Technical specifications
- Chassis: Carbon-honeycomb monocoque, Zylon "anti-intrusion" side panels
- Suspension (front): Double wishbones, pushrods with power steering and spring-dampers combination Five ways KW dampers Adjustable anti-roll bar system
- Suspension (rear): Same as front
- Length: 4,650 mm (183 in)
- Width: 1,890 mm (74 in)
- Wheelbase: 2,925 mm (115.2 in)
- Engine: Toyota V35A-FTS 3,445 cc (3.4 L; 210.2 cu in) 60° V6 twin-turbocharged
- Transmission: Xtrac P1152 6-speed sequential
- Power: 460 hp (466 PS; 343 kW)
- Weight: 970 kg (2,138.5 lb)
- Brakes: Brembo Six-piston callipers Ø 355 mm x 32 mm front and rear steel discs

Competition history
- Notable entrants: Nielsen Racing Purple Sector
- Notable drivers: Colin Noble Tom Fleming Pavel Lefterov Boris Yonchev

= ADESS AD25 =

Portuguese sports car prototype

The ADESS AD25 is a Le Mans Prototype LMP3 race car designed, developed and built by Portuguese manufacturer ADESS to ACO 2025 3rd Generation Le Mans Prototype LMP3 regulations. The car is successor to the ADESS-03 Evo and can be built from its predecessor. It is eligible in the ACO's Le Mans Cup, European Le Mans Series and Asian Le Mans Series.
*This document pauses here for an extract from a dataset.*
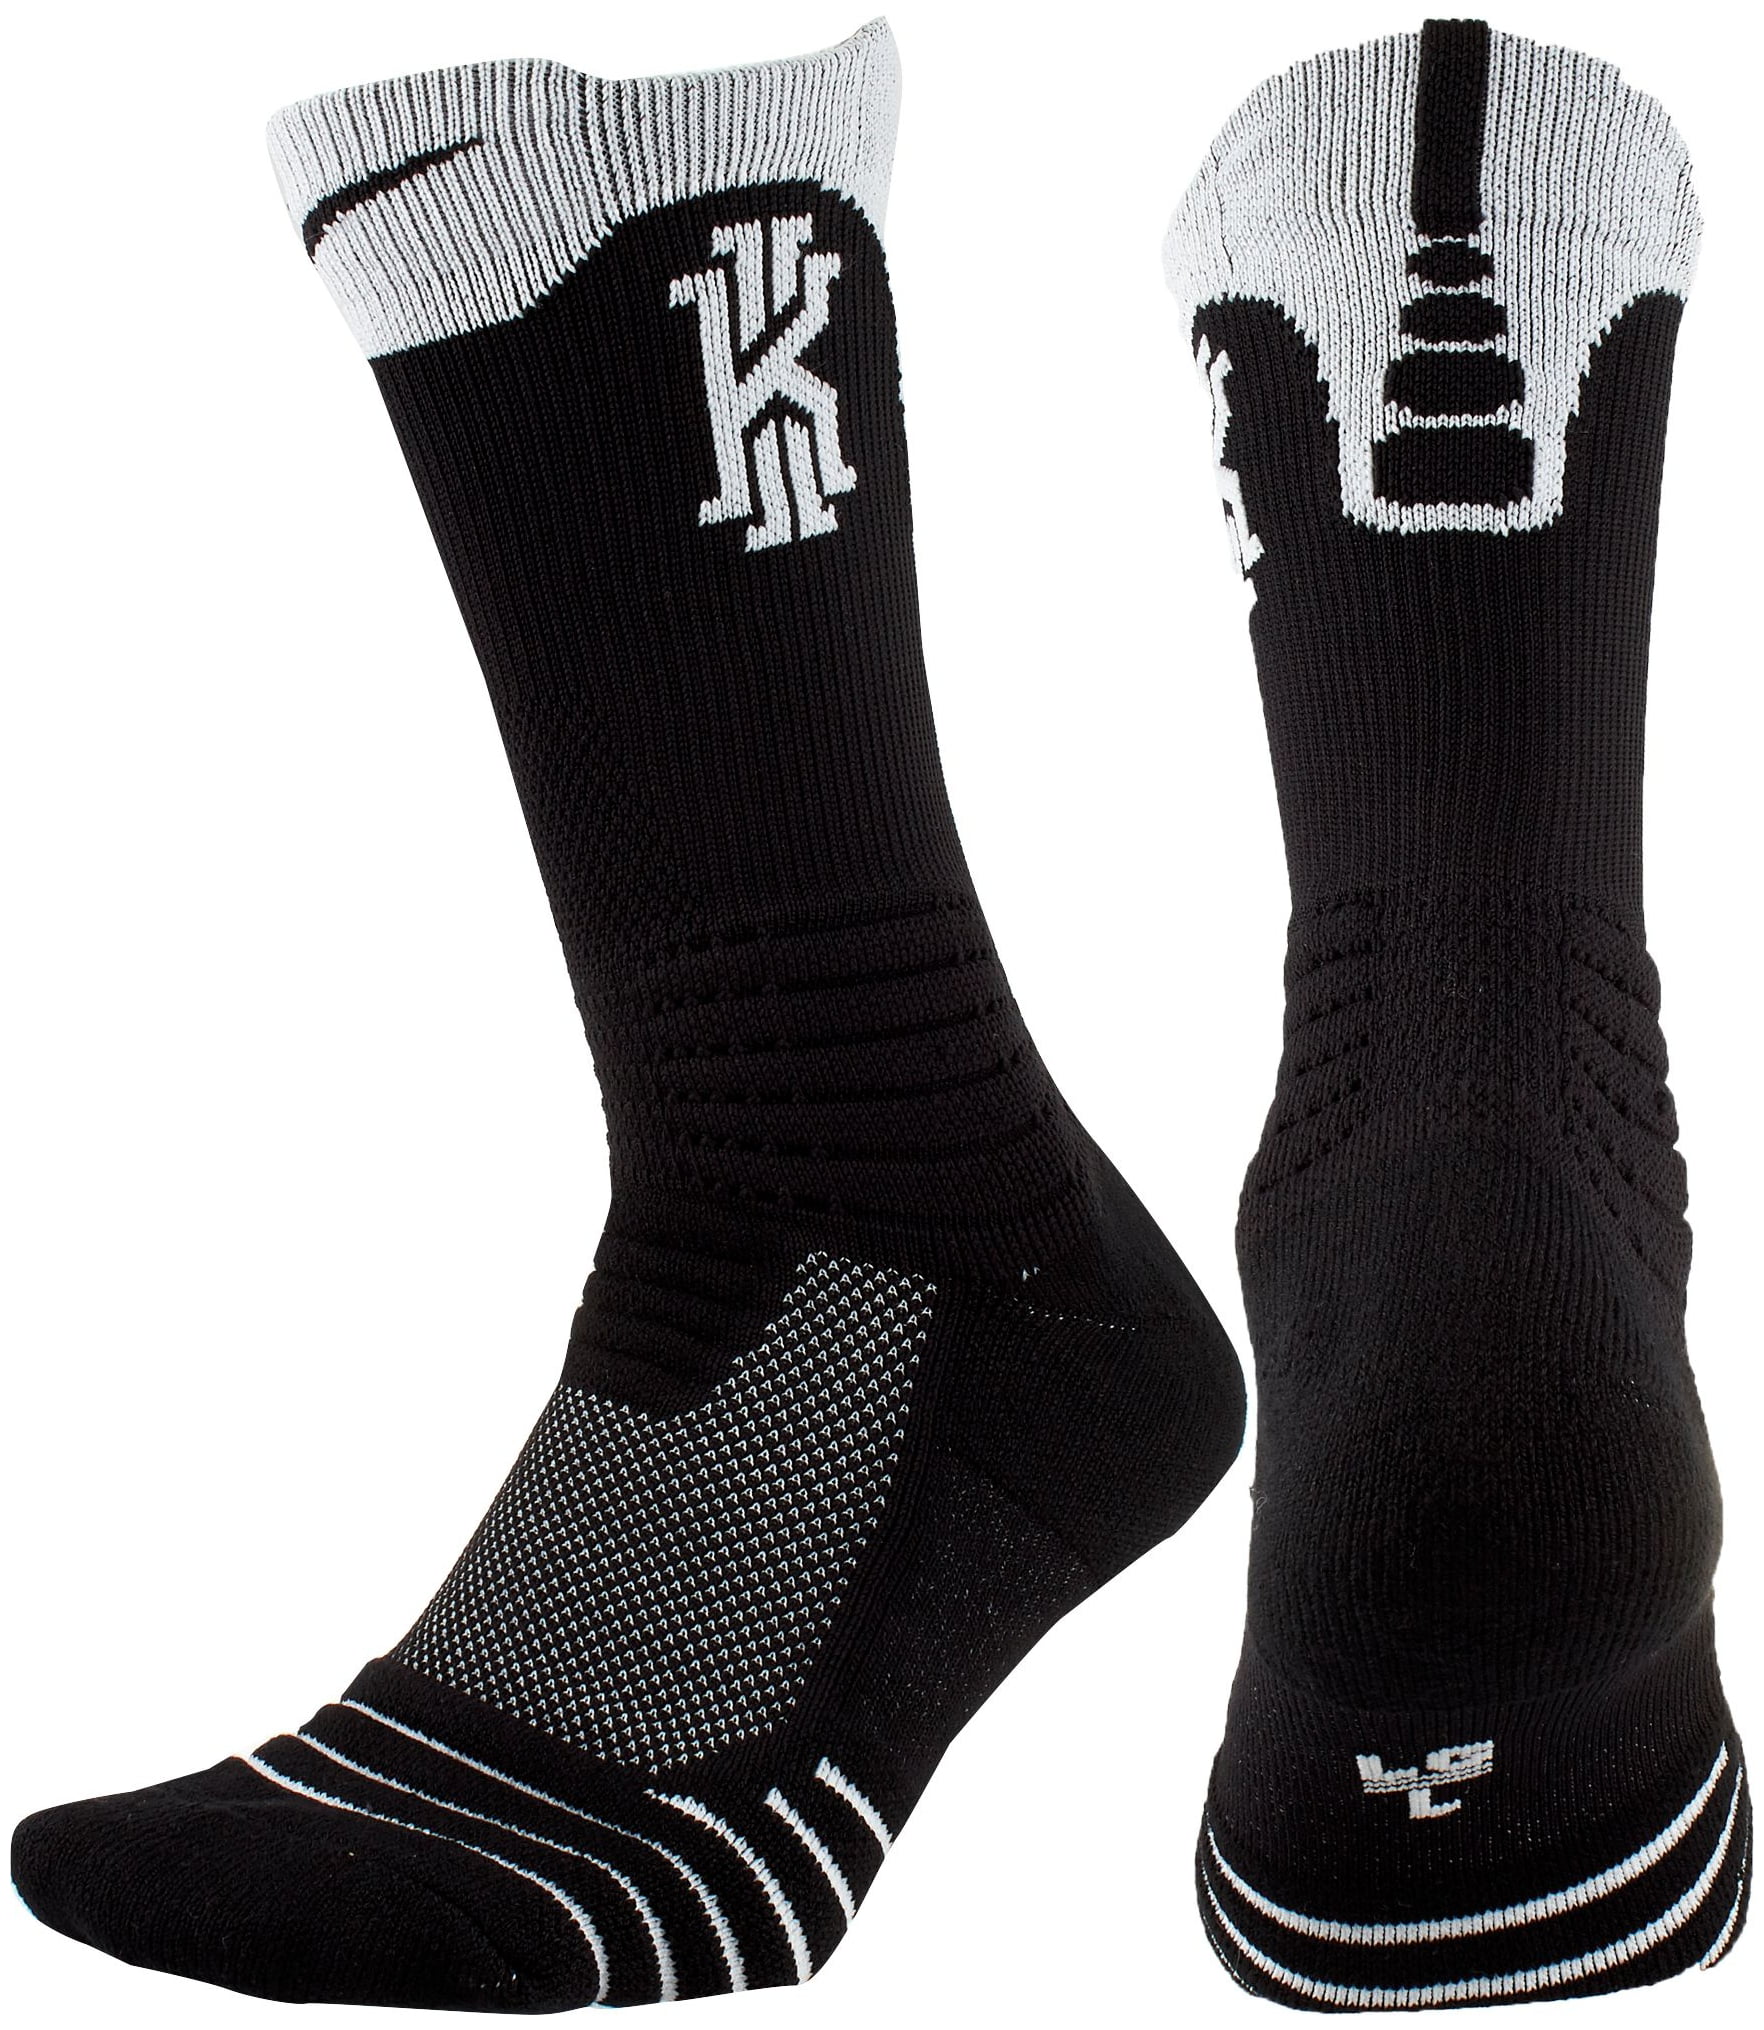 nike elite versatility socks black

== Developmental history ==
On July 7, 2024, the Automobile Club de I'Ouest formally announced that 2025 would be the first year of the third generation Le Mans Prototype 3 (LMP3) cars using the previously announced, Oreca built, Toyota V35A V6 twin-turbocharged engines. All four previous constructors were retained for the new regulations. Upgrades to the car include a completely new cooling system, engine cover and new rear bodywork kit as a result of the new engine. New dampers from KW, were also added to improve performance.

Testing started in July 2024, at Estoril with TCR driver Quique Bordas, and continued at Barcelona and Portimão. Wayne Boyd also tested the car in September. Straight-line testing was conducted at Beja Airport with more track testing at Portimão and Estoril. Stéphane Chosse, the CEO of ADESS, reported that aero stability had improved throughout over 3000 km of testing before homologation. In January 2025, ADESS inked a deal with Nielsen Racing and signed Colin Noble as its factory development and race driver.

Portuguese team Purple Sector entered the Prototype Cup Europe in 2026 with two AD25s.